Anladığım kadarıyla bazı savcılarımızın içinde aşırı milliyetçi Yeni Çağ gazetesinde köşe yazarlığı yapma ukdesi yatıyor. Cümlelerin ve ifadelerin güzelliğine, edebiliğine, ultra milliyetçiliğine, “Şu Çılgın Türkler” etkisine bakar mısınız! “Her türlü eziyete katlanmış olduğu halde emperyalizmin önünde baş eğmeyen Türk halkı, yine onuru ile ekonomik kırılganlık, umutsuzluk, çaresizlik ve halkın birbirine yabancılığıyla işletilmek istenen bu sürecin önünde...”

Hülya Avşar’ın ifade özgürlüğü ile her hangi bir ilgisi var mıdır bu ifadelerin? Yok. Ve lakin ve maatteessüf bir köşesi olmadığı için, değerli fikirlerini ancak Hülya Avşar gibi bir ünlüyü dava edip “gerekçeli karar” adı altında kamuoyu ile paylaşabiliyor demek ki. Kendisini bu meşakkatli yoldan bir an evvel kurtarmalı bir gazete yönetimi. Daha kolay ve acısız yöntemler de var insanın kendisini ifade etmesi için... Ancak şiddetle merak ettiğim şudur: İdeolojisini işine bu kadar karıştıran kişilerin savcılık yapması uygun mudur?

Türklerin tarihte utanacak hiçbir şey yapmadıkları iddiasıyla hareket eden bir savcının yargıya sağlıklı bir katkısı olabilir mi? Savcıların, insanları davalar (ve başlarına her tür çorabı örerken) biraz daha a-ideolojik, a-politik olmalarını beklemek çok mu fantastik bir beklenti olur? Kanunla mı yargılanıyoruz savcıların kendi şahsi düşünceleriyle mi?

Bizler aslında kanuna aykırı gelmekten değil de tanımadığımız bir savcıya “aykırı” gelmekten mi davalanıp duruyoruz yoksa? “Halkı kin ve nefrete sevk etmek” dedikleri esasen “BENİ kin ve nefrete (ve mide spazmlarına)” sevk etmek olabilir mi? “Halk” dedikleri “kendileri” midir? Onların sözlüğünde “Halk: Ben” midir?

Hani Aylin davasından da anladık ki “sağlam delil” aranmıyor tamam ama bir de savcıların tarih ve siyaset hakkında fikirlerini mi yoklamamız ve bilmemiz gerekiyor? Kanun, bu ülkede bir müzik aleti midir sadece? Yargı sistemi esasen savcı bey ve hanımların şahsi fikir arenası mıdır?
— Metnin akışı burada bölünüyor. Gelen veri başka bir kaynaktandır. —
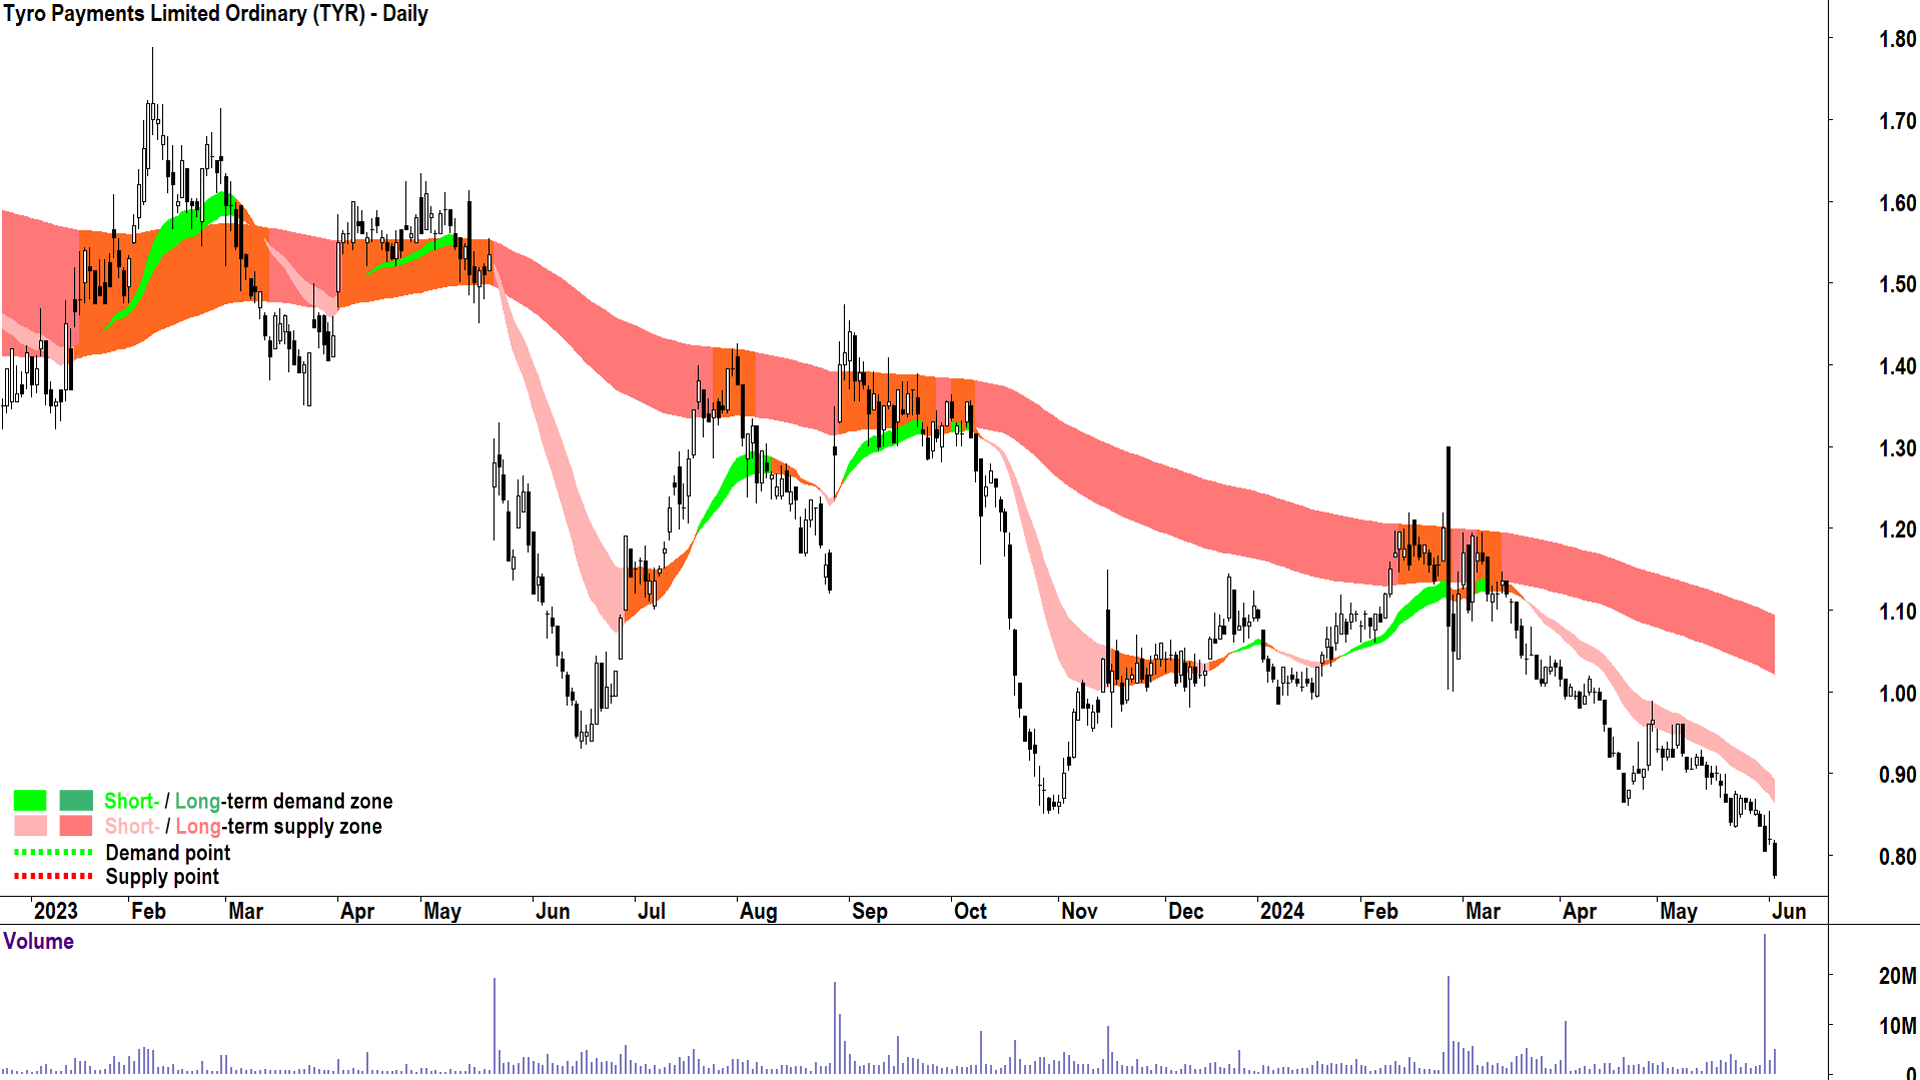 Tyro Payments (ASX-TYR) chart 4 June 2024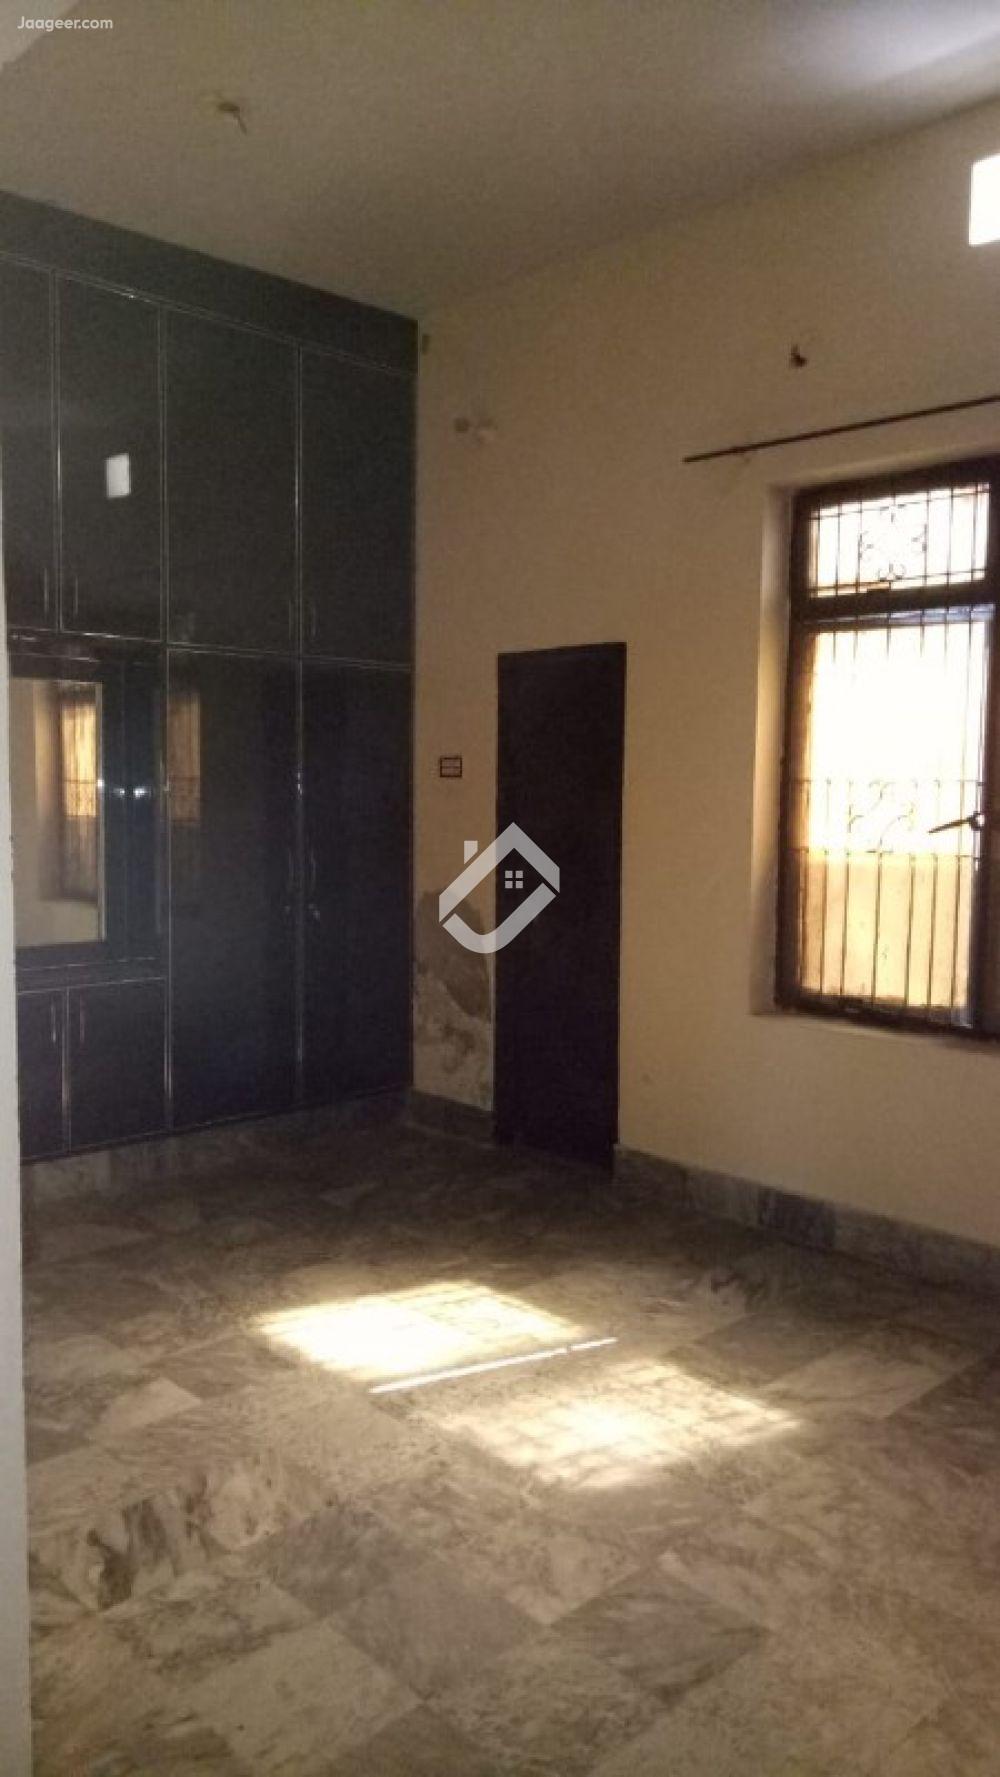 View  5 Marla Lower Portion House For Rent In Asad Park Phase 1 in Asad Park , Sargodha

Bilelim diye soruyorum... Değilmiş taklidi yapılıp tufaya gelmekten sıkıldım artık. Bu seferlik Hülya Hanımı lütfedip affetmiş ama mesela ben muhtemelen affetmeyecektir diye düşünüyorum. Devam etmekte olan birkaç davama bir adet de o eklesin, canı sağ olsun da en az “yandaş” veya “dinci” veya başka adlarla savcılar kadar ürkütücü değil midir bu? “Müslümanlar tarihte utanılacak hiçbir şey yapmadı” veya “Her türlü eziyete katlanmış olduğu halde emperyalizmin önünde baş eğmeyen Müslümanlar, yine onuru ile ekonomik kırılganlık, umutsuzluk, çaresizlik ve müminlerin birbirine yabancılığıyla işletilmek istenen bu sürecin önünde mücadele etmelidir..” denmesi hem de bir “gerekçeli karar” da nasıl olurdu?